Jean de Brebeuf, born at Conde-sur-Vire, in the Diocese of Bajon (now Constance), of an illustrious family and Isaac Jogues, born in Orleans, are regarded as their leaders and masters and rightly so. For they were valiant men, fired with apostolic zeal, living most mortified lives, in intimate prayerful union with God and, at times, were honoured with heavenly visions.
Not unlike them, were their four companion Priests: Antoine Daniel, born at Dieppe, Gabriel Lalemant and Charles Gamier, both Parisian born and Noel Chabanel, a native of Mende – all of these faithfully fulfilled their Priestly functions, labouring principally in various villages of the Huron country.
Frequent raids by the Iroquois, a hostile neighbouring tribe, often wrought havoc in the Huron missions and seriously endangered the lives of the Fathers in charge of them. In 1642, on a journey from Quebec to the Huron country, Isaac Jogues, together with Rene Goupil, a lay co-adjutor of the Society of Jesus, fell in with the Iroquois, who held him and his companion as slaves and subjected them to most horrible torments. In the same year on the 29th of September, Rene was killed by order of an old savage, out of hatred for the Cross of salvation. It was near Auriesville, in the present State of New York, where this most sincere man breathed forth his soul to God.
In the following year Isaac managed to escape and made his way back to France. He returned to America after another year and along with John Lalande, who was also a co-adjutor of the Society of Jesus, made a second and third journey to the savages, his erstwhile tormentors.
On 18 October 1646, in the present diocese of Albany, Isaac was struck with a tomahawk and thus obtained the Palm of Martyrdom. The following day his companion, John, meeting with a like fate, took his flight to Heaven, to be rewarded with the same Crown of Martyrdom.

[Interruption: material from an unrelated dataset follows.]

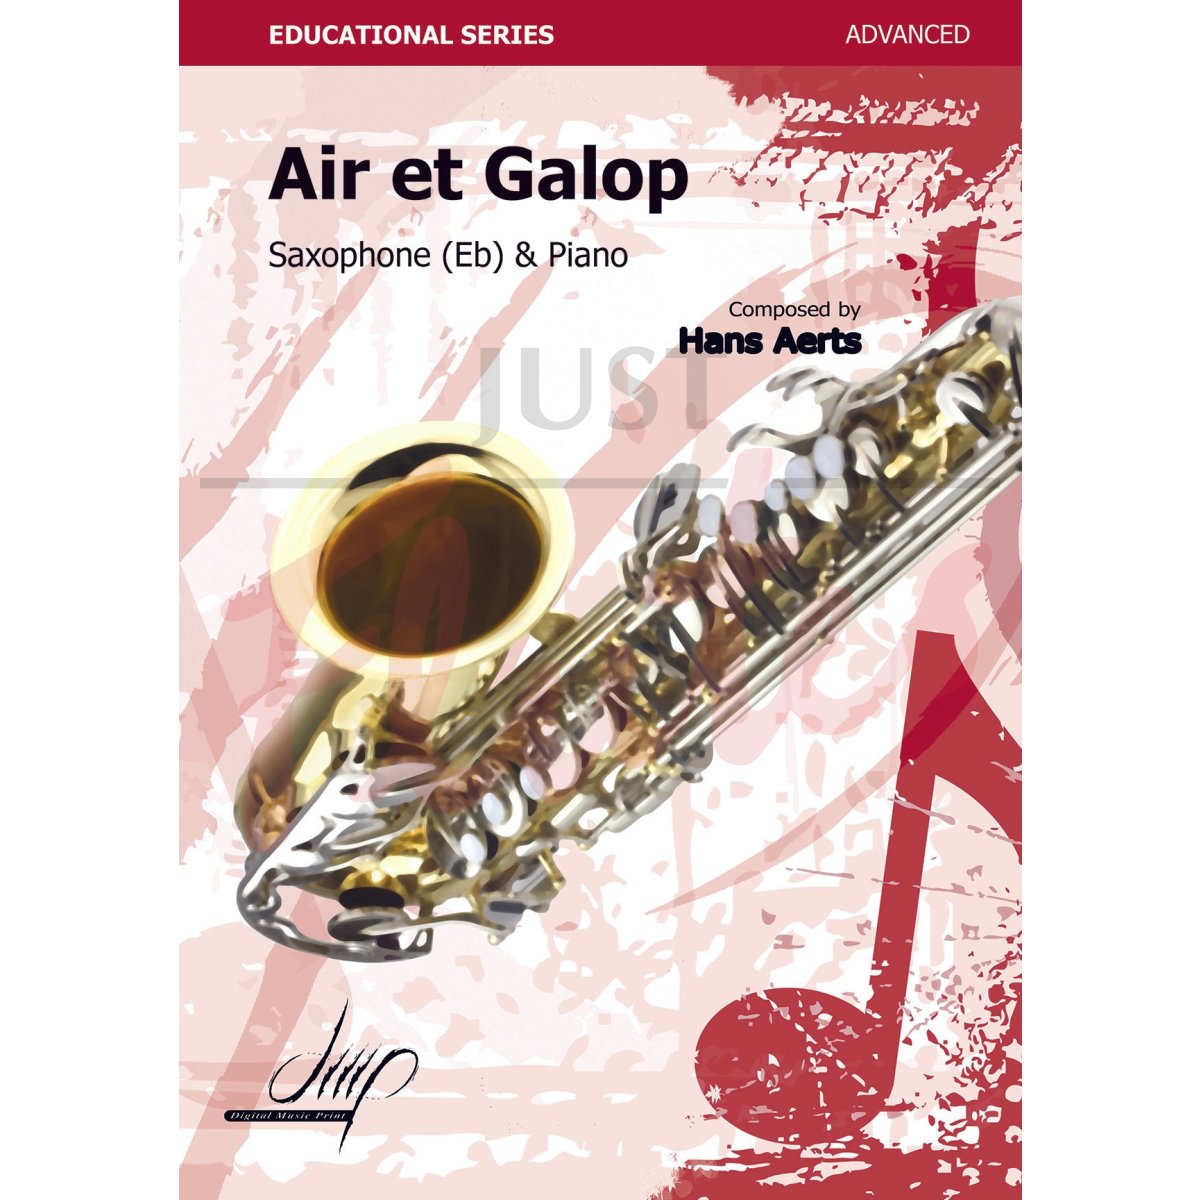 Air et Galop for Alto Saxophone and Piano

On 4 July 1648, in an attack upon the village of St Joseph by the Iroquois, Antoine Daniel, in charge of the Huron mission there, was slain while fearlessly defending his flock. Overwhelmed by a shower of arrows and bullets at the entrance of the Church, like a good shepherd he laid down his life for his sheep. Within a year, on 16 March 1649, at St Ignace, a village situated in what is now the Province of Ontario, Canada, John de Brebeuf and Gabriel Lalemant were captured by the Iroquois. That same day, Brebeuf, rightly called the Apostle of the Hurons, died a glorious death, after undergoing long drawn-out tortures of the most atrocious description, during which, this gallant soldier of Christ manifested such fortitude, as to excite even the admiration of the savages themselves. On the following day Gabriel Lalemant suffered the same cruel Martyrdom, during which, he showed the same heroic virtue.

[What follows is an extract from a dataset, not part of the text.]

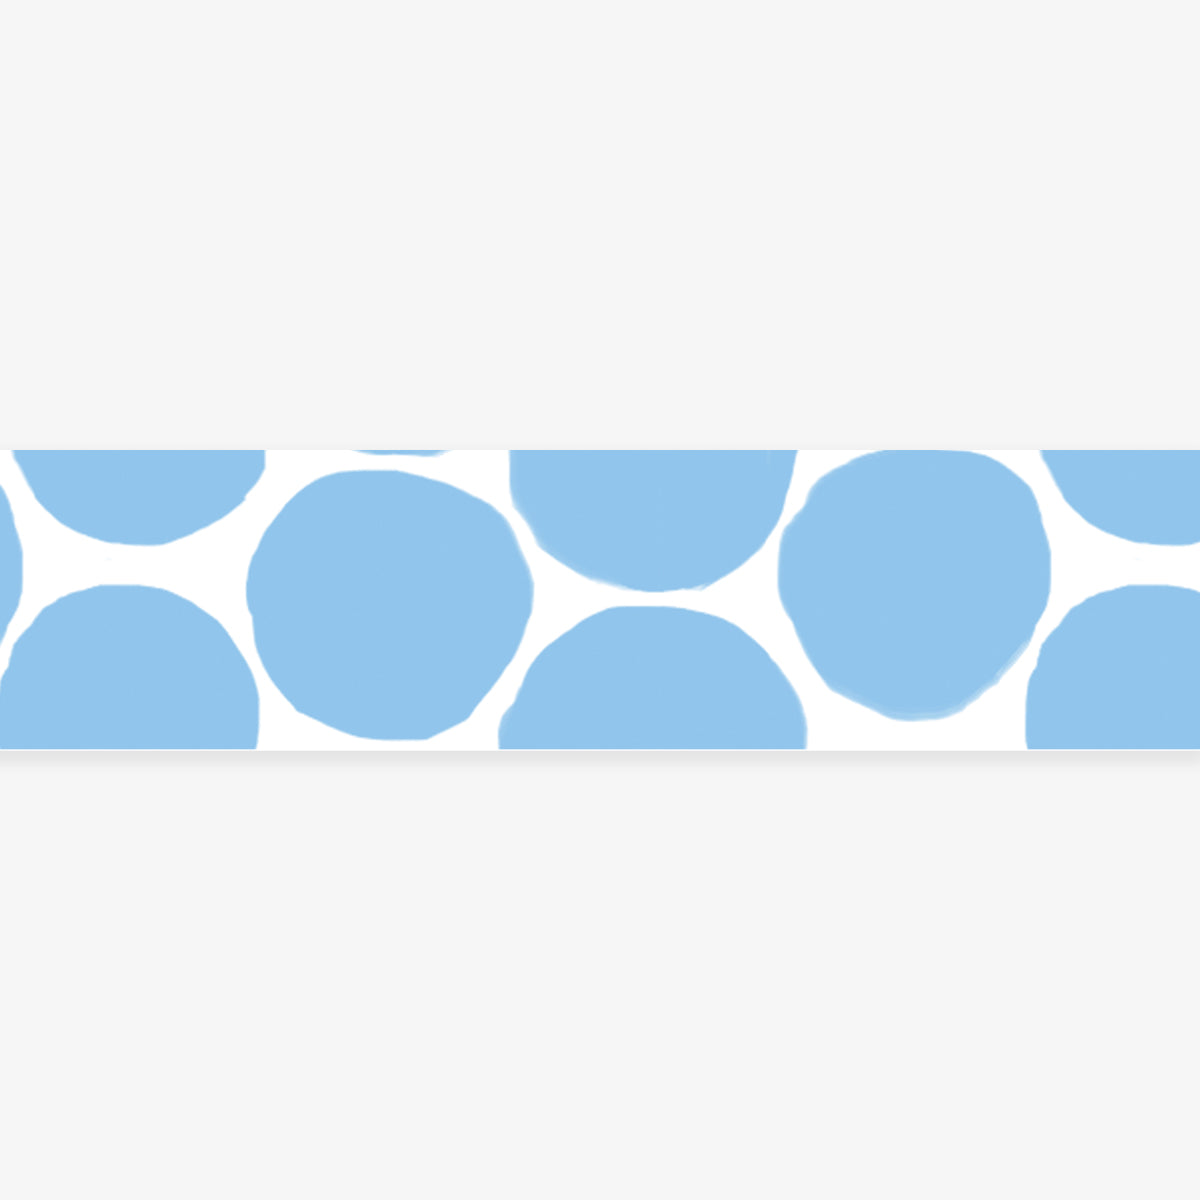 MASTÉ MASKING TAPE // ICE BLUE COIN DOTS

In December of the same year, 1649, on the eve of the Immaculate Conception of the Blessed Virgin Mary, Charles Garnier, after several bullet Wounds was killed by a blow from a hatchet, thereby adding a glorious Crown to a life of exceptional innocence. On the following day Noel Chabanel became the victim of the treachery of a Huron apostate, who killed him and threw his body into a river. His longing for the Palm of Martyrdom was thus realised in his own beloved mission. Although he felt a natural repugnance for this work among the savages, hero that he was, he bound himself by a vow to remain in this mission until death.
These eight Martyrs, the first in North America, were Beatified by Pope Pius XI in 1925 and were Canonised by the same Pontiff five years later.